Other Approvals Clause Samples

The "Other Approvals" clause requires that, in addition to any approvals already specified in the agreement, the parties must obtain any additional consents, permits, or authorizations necessary to carry out their obligations or complete the transaction. This may include approvals from regulatory bodies, third parties, or internal corporate authorities, depending on the nature of the agreement and the activities involved. The core function of this clause is to ensure that all necessary legal and procedural permissions are secured, thereby preventing delays or legal issues that could arise from missing required approvals.
Other Approvals. All regulatory approvals required to consummate the transactions contemplated hereby shall have been obtained and shall remain in full force and effect and all statutory waiting periods in respect thereof shall have expired (all such approvals and the expiration of all such waiting periods being referred to herein as the "Requisite Regulatory Approvals").
Other Approvals. Use its reasonable best efforts to obtain all other approvals, consents, exemptions or authorizations from such governmental agencies or authorities as may be necessary to enable the Participating Holders and underwriters to consummate the disposition of Registrable Securities;
Other Approvals. The Company shall use its best efforts to cause the Registrable Securities covered by the Registration Statement to be registered with or approved by such other governmental agencies or authorities as may be necessary to consummate the disposition of such Registrable Securities.
Other Approvals. All authorizations, consents, orders or approvals of any United States federal or state governmental agency necessary for the consummation of the Merger or the transactions contemplated by this Agreement (other than such actions, approvals or filings which, pursuant to the terms of this Agreement, are to take place on or after the Closing) shall have been filed, occurred or been obtained.
Other Approvals. All regulatory approvals required to consummate the Merger shall have been obtained and shall remain in full force and effect and all statutory waiting periods in respect thereof shall have expired or been terminated;
Other Approvals. (i) Any waiting period (or extension thereof) applicable to the Transactions under the HSR Act shall have been terminated or shall have expired and (ii) the Consents of, or declarations, notifications, or filings with, and the other terminations or expirations of waiting periods required from, the Governmental Authorities set forth in Schedule I shall have been filed, have occurred, or been obtained and, if applicable, shall be in full force and effect (collectively, the “Required Regulatory Approvals”).
Other Approvals. All authorizations, consents, orders or approvals of, or declarations or filings with, and all expirations or early terminations of waiting periods imposed by, any Governmental Entity (all the foregoing, "Consents") which are necessary for the consummation of the Merger shall have been filed, occurred or been obtained (all such permits, approvals, filings and consents and the lapse of all such waiting periods being referred to as the "Requisite Regulatory Approvals") and all such Requisite Regulatory Approvals shall be in full force and effect.

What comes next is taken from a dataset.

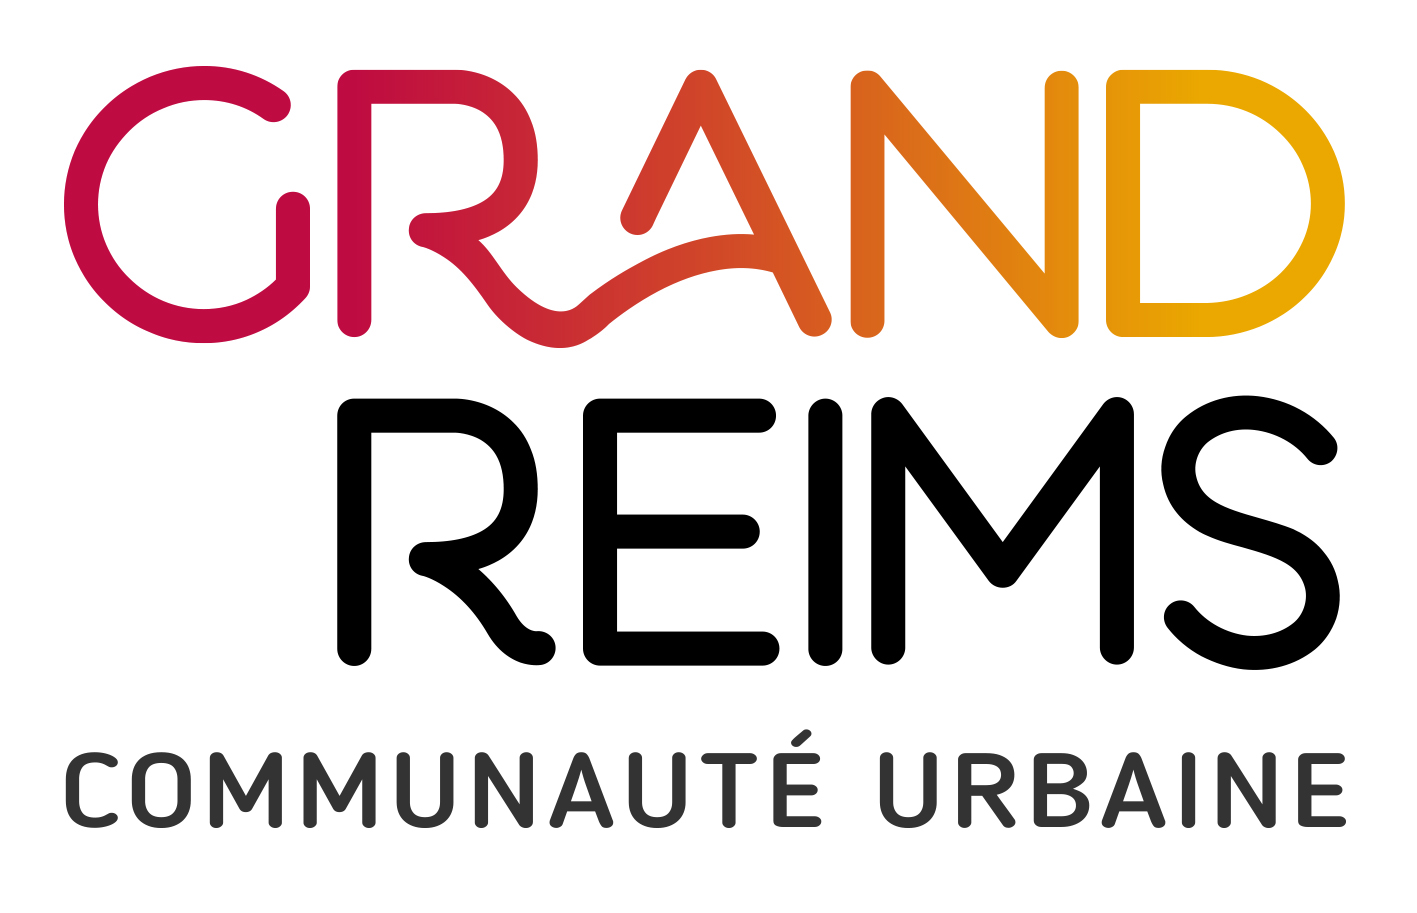 Logo Grand Reims
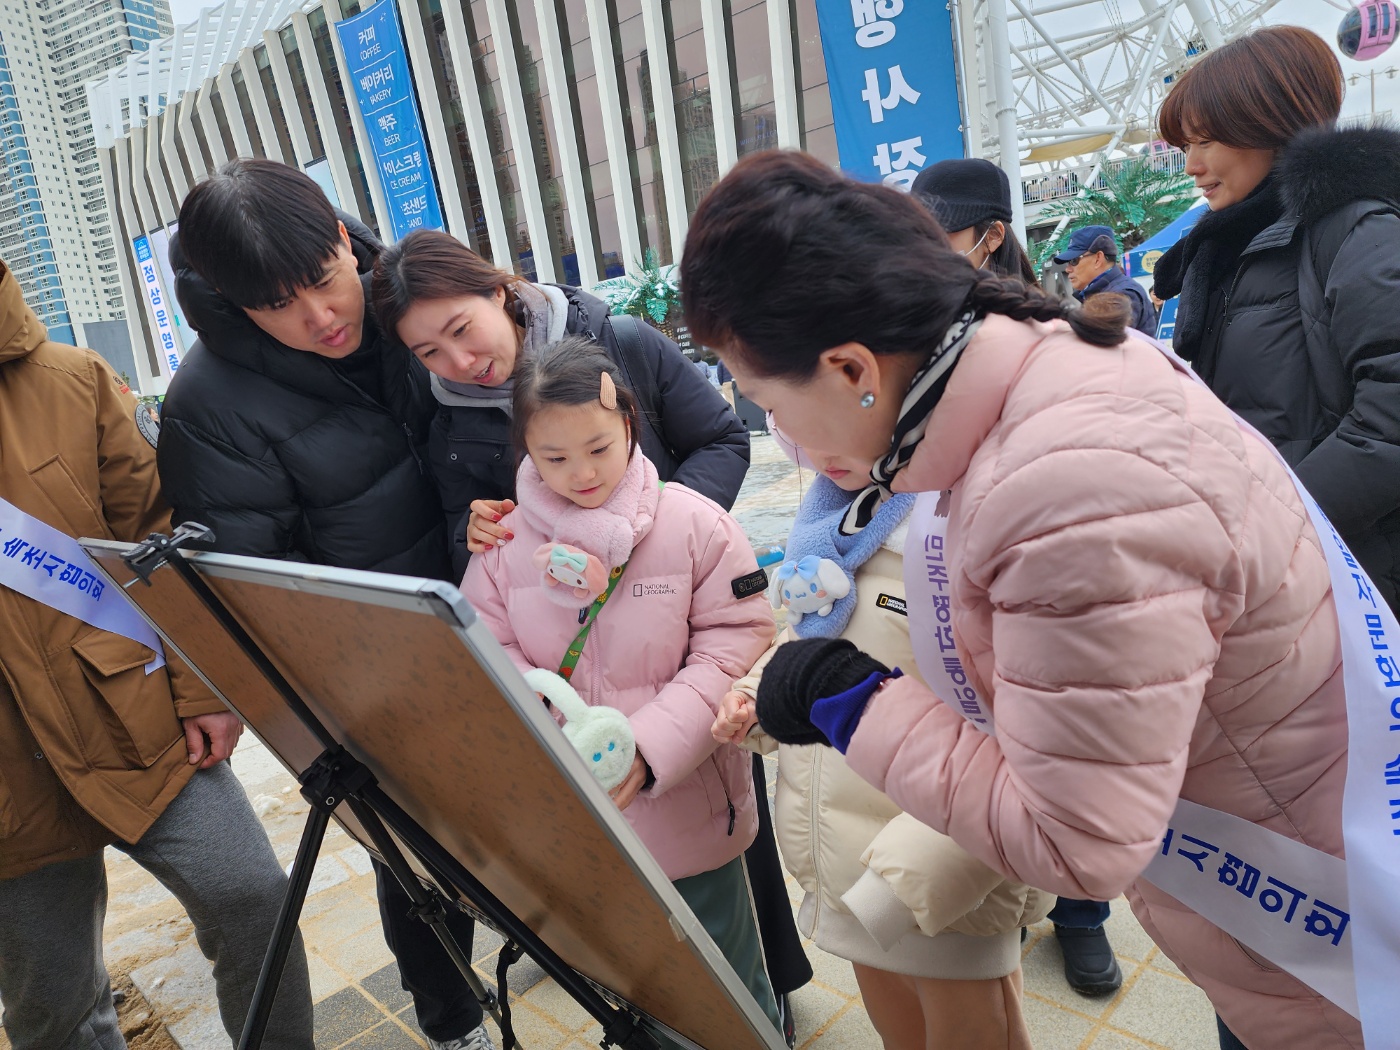 북한말 알아맞히기에 참가중인 가족들 모습

Other Approvals. All authorizations, consents, orders or approvals of, or declarations or filings with, any Governmental Entity the failure to obtain which insofar as reasonably can be foreseen would have a Material Adverse Effect or a CSLC Material Adverse Effect, shall have been duly and timely filed and obtained and all applicable waiting periods, if any, pursuant to the HSR Act shall have expired or been early terminated.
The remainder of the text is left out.